Copy out the listing that follows, exact in every word, and skip the images.

> **INFORMATION SUPPLIED**
==============================

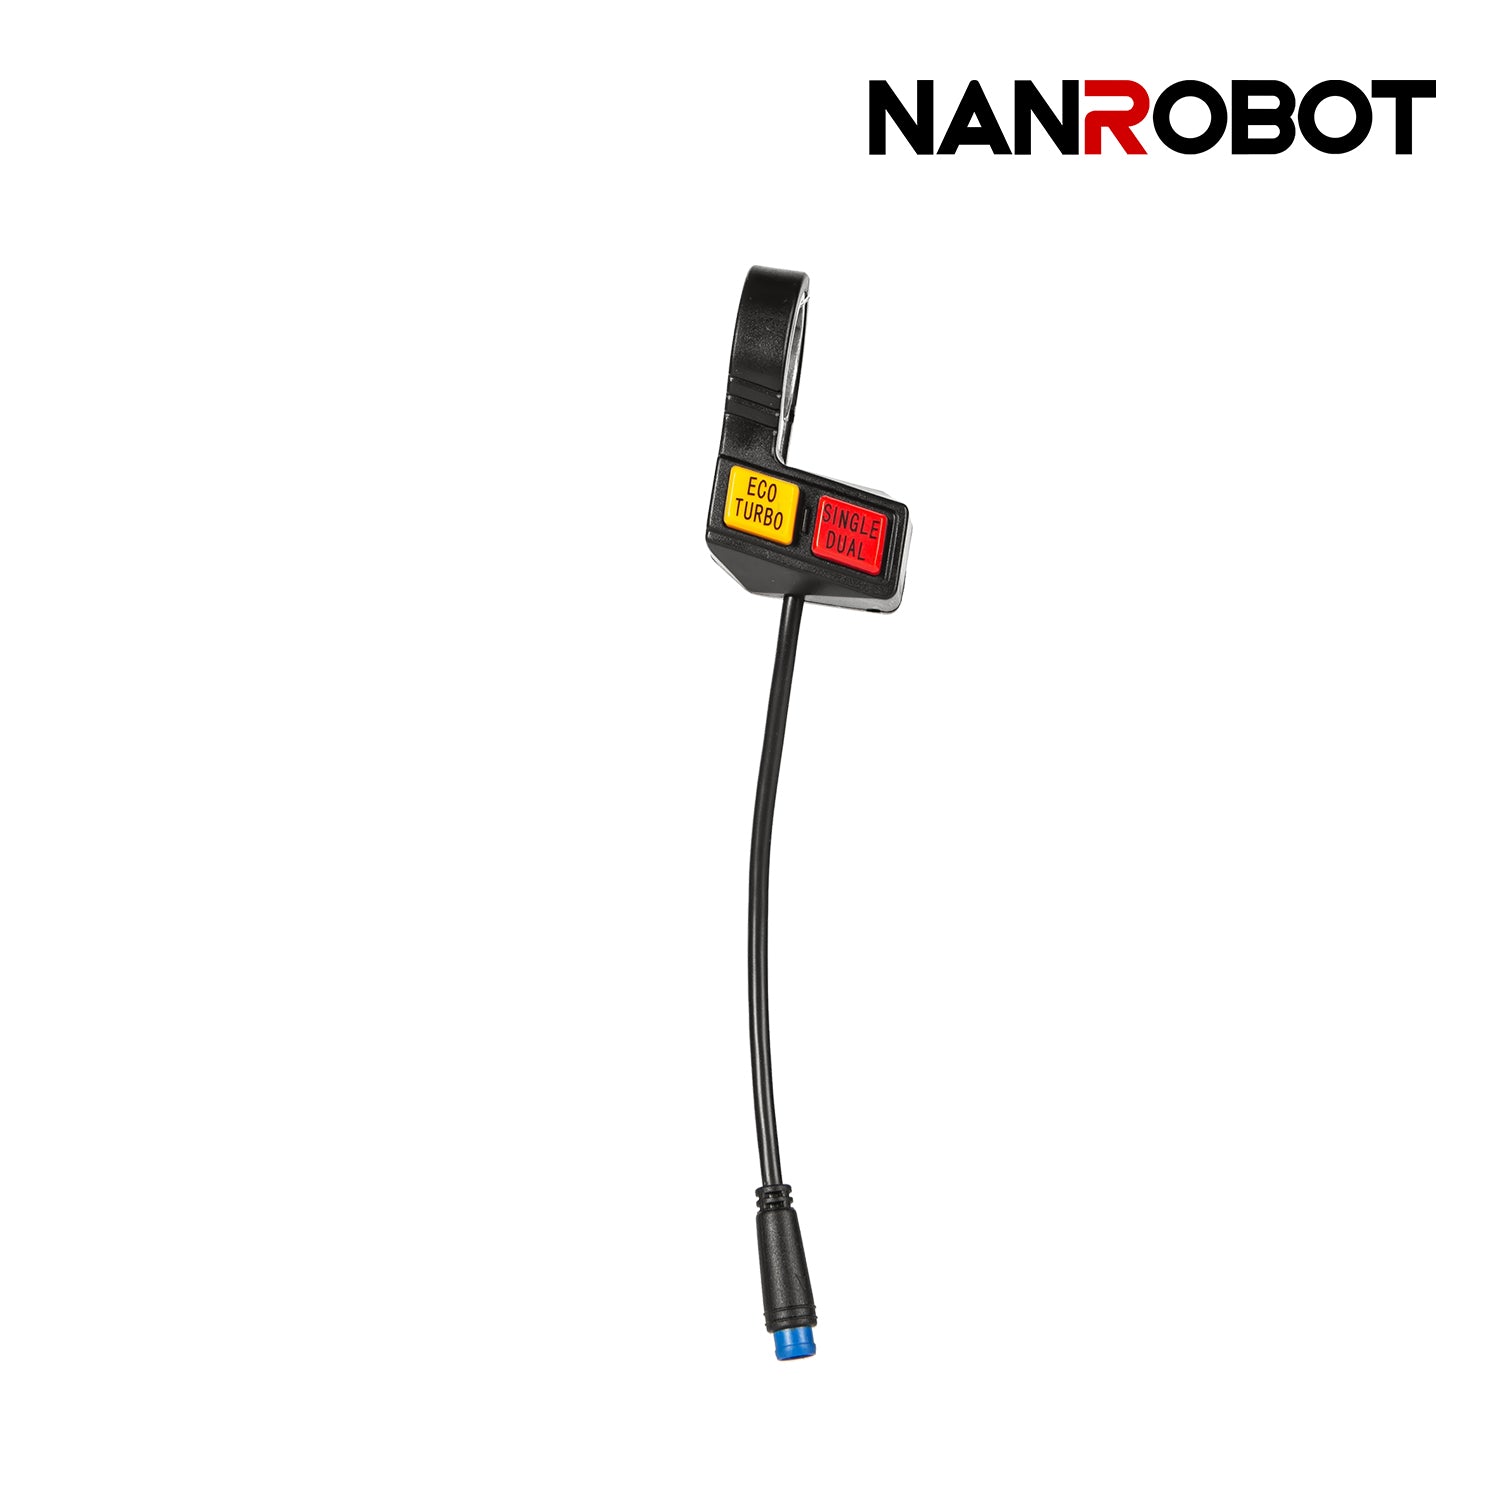 Double drive button - NANROBOT
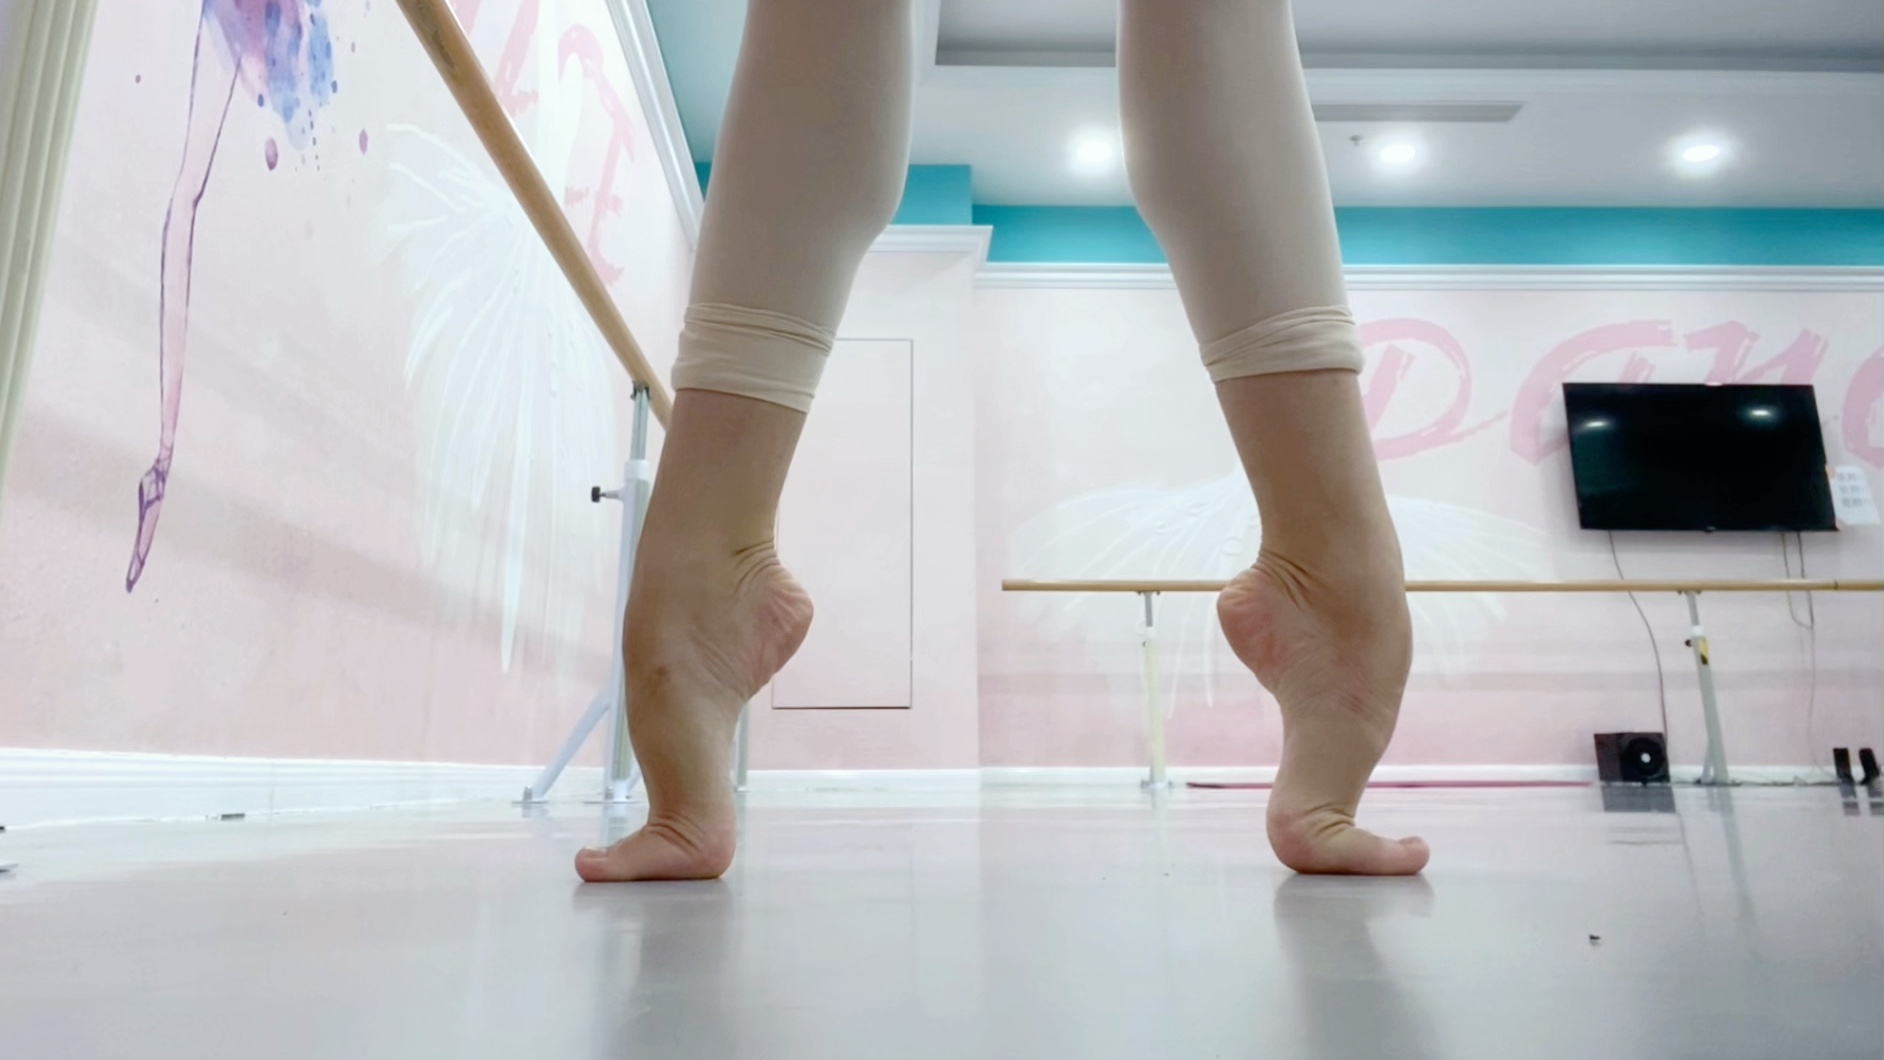 芭蕾舞最弯的脚背图片
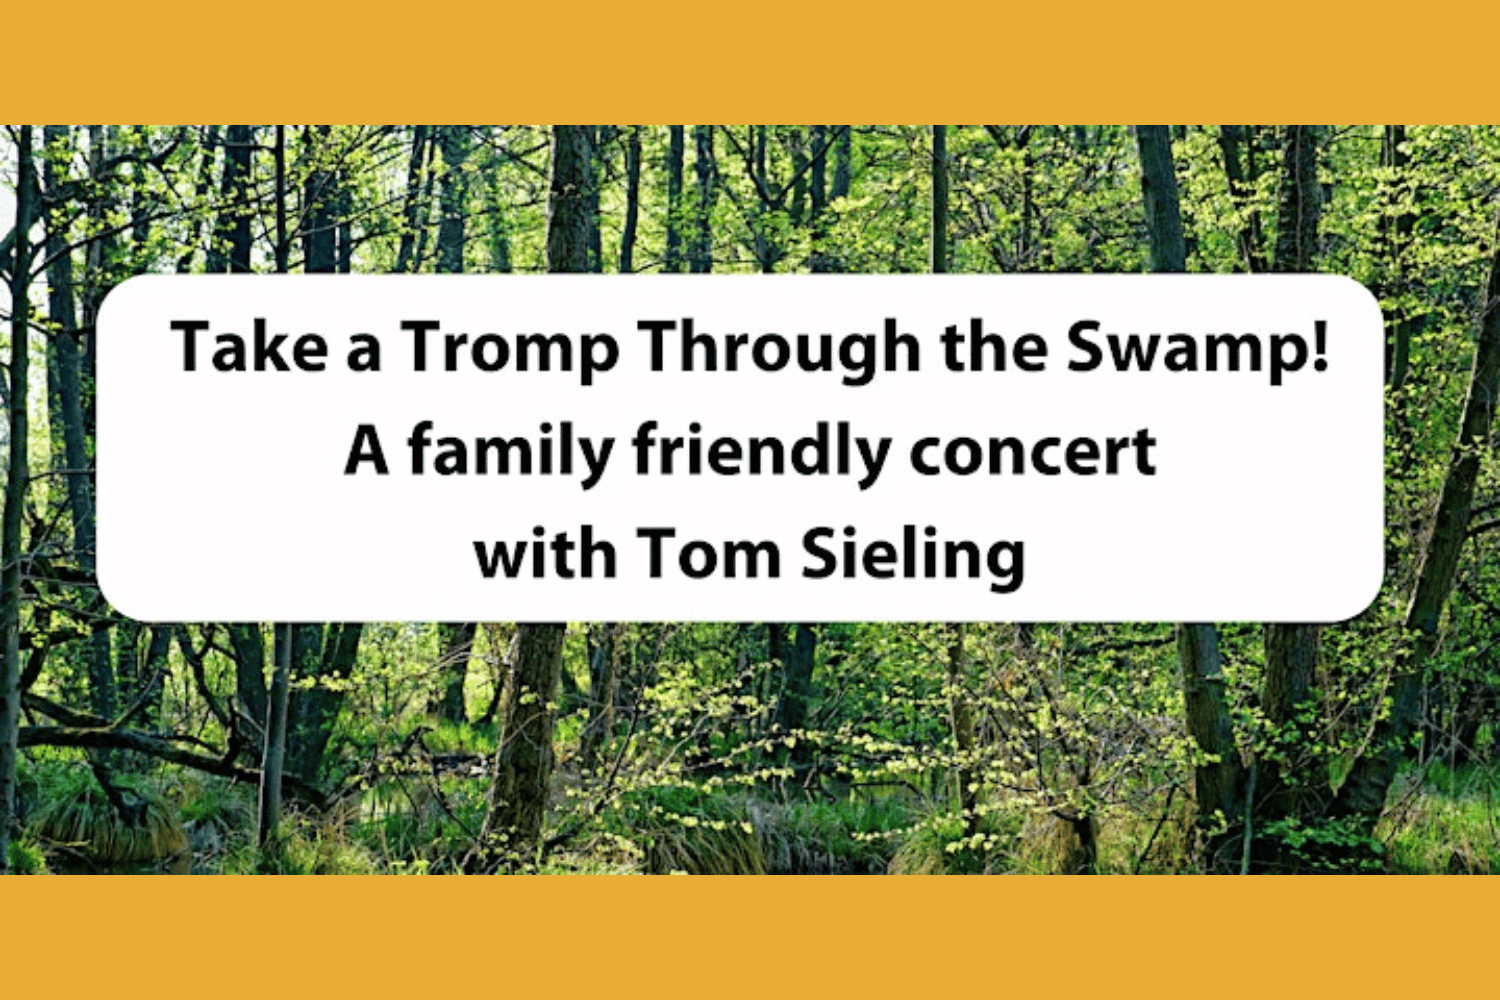 Take a tromp through the swamp

==============================

> **EXERCISE RESULT**
 Double drive button - NANROBOT
 芭蕾舞最弯的脚背图片
 Take a tromp through the swamp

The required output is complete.